Assigned task >>
Write out the data word for word, taking care that no picture is carried over.

Source material >>
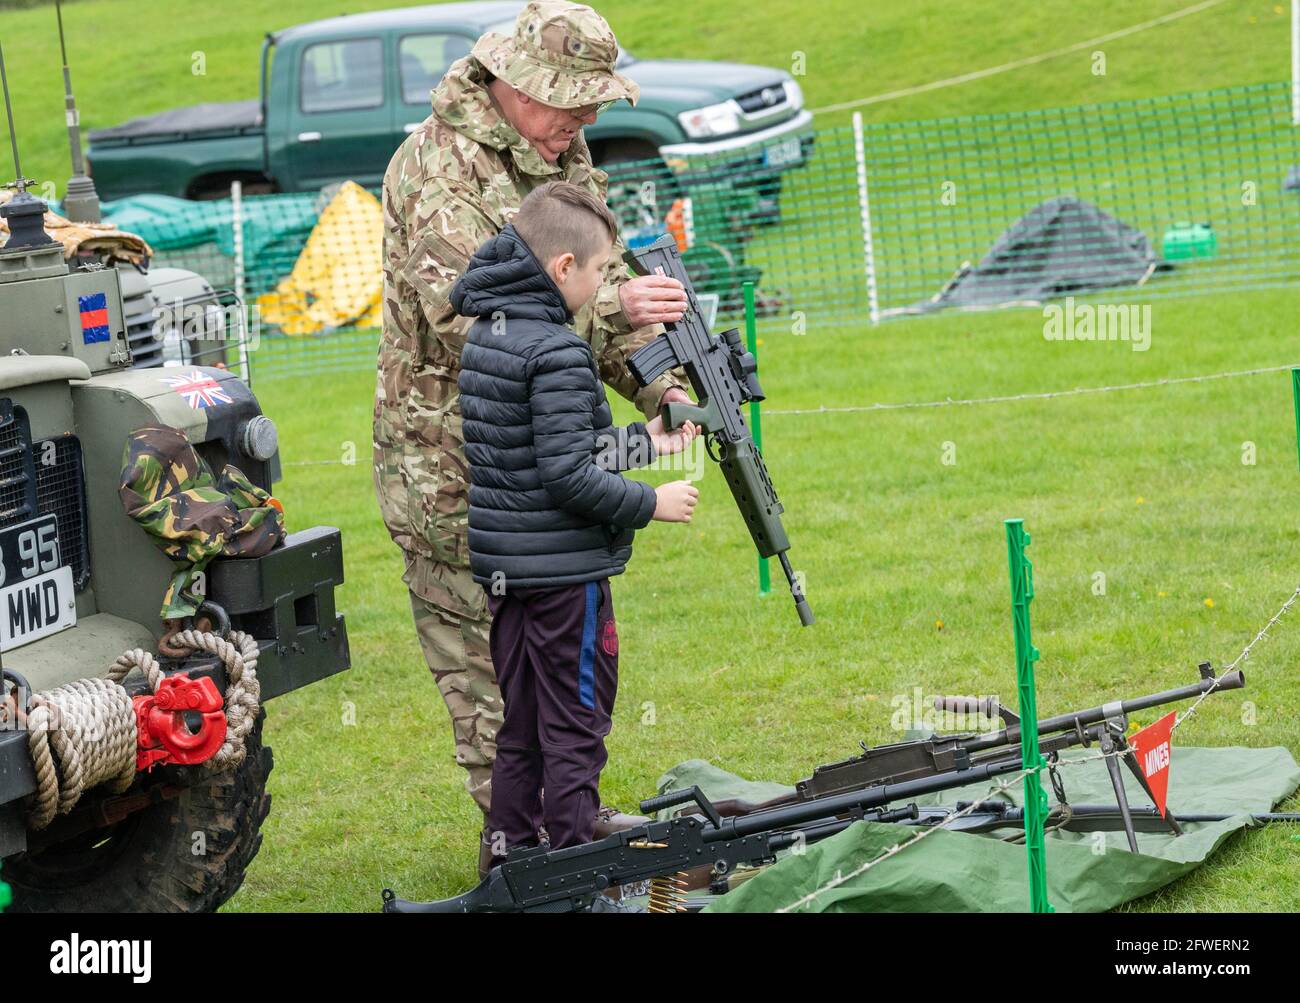 Brentwood Essex 22nd May 2021 The Weald Park Country show, Weald Festival of Dogs, Weald Festival of cars, Weald Country Park, Brentwood Essex, army display, Credit: Ian Davidson/Alamy Live News Stock Photo
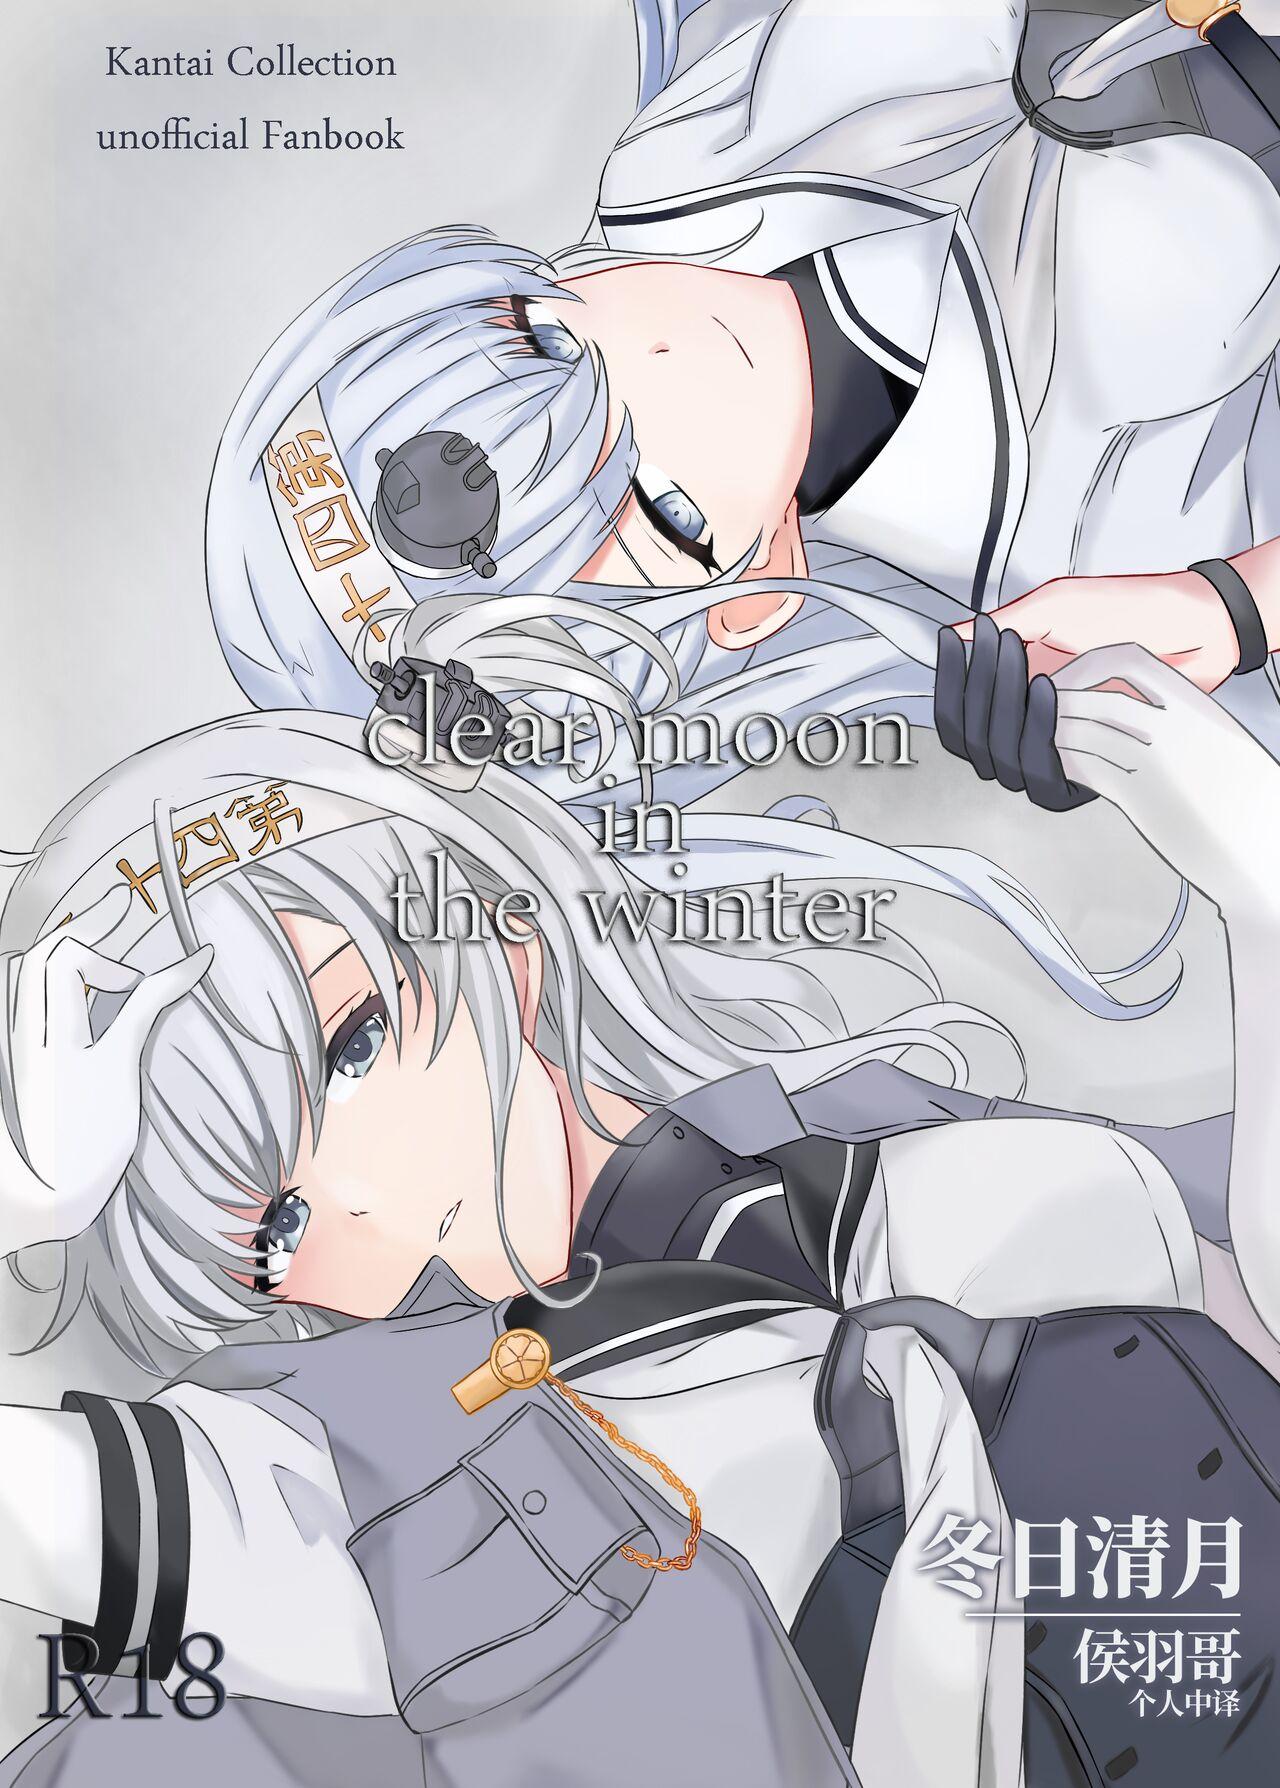 Blowjobs clear moon in the winter | 冬日清月 - Kantai collection Cum In Mouth - Picture 1
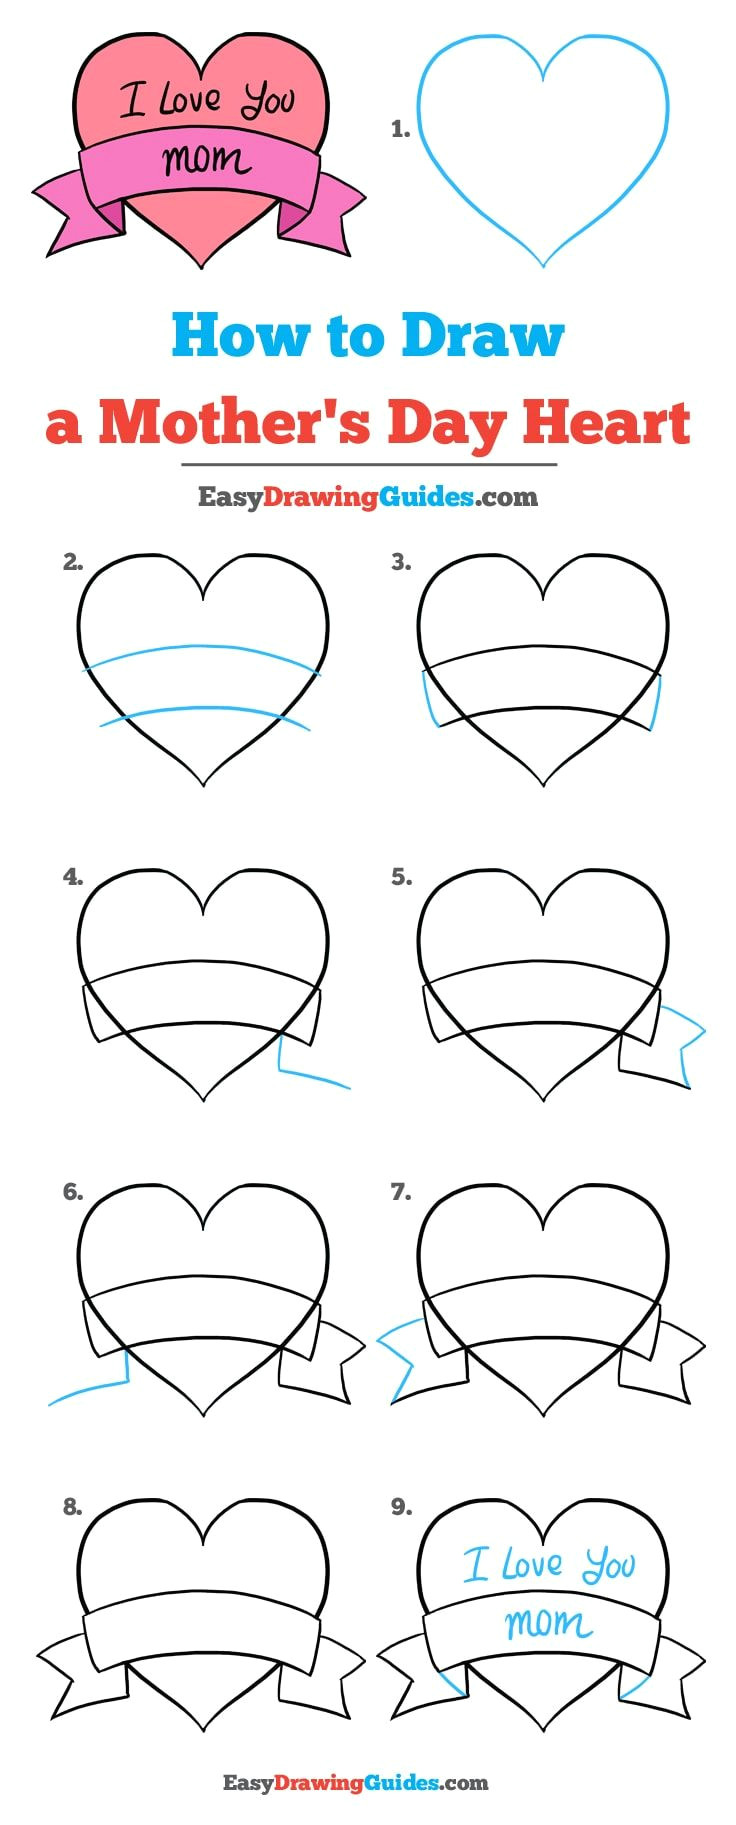 learn how to draw a mother s day heart easy step by step drawing tutorial for kids and beginners mothersday heart drawingtutorial easydrawing see the

Result for this task >>
 Brentwood Essex 22nd May 2021 The Weald Park Country show, Weald Festival of Dogs, Weald Festival of cars, Weald Country Park, Brentwood Essex, army display, Credit: Ian Davidson/Alamy Live News Stock Photo
 Blowjobs clear moon in the winter | 冬日清月 - Kantai collection Cum In Mouth - Picture 1
 learn how to draw a mother s day heart easy step by step drawing tutorial for kids and beginners mothersday heart drawingtutorial easydrawing see the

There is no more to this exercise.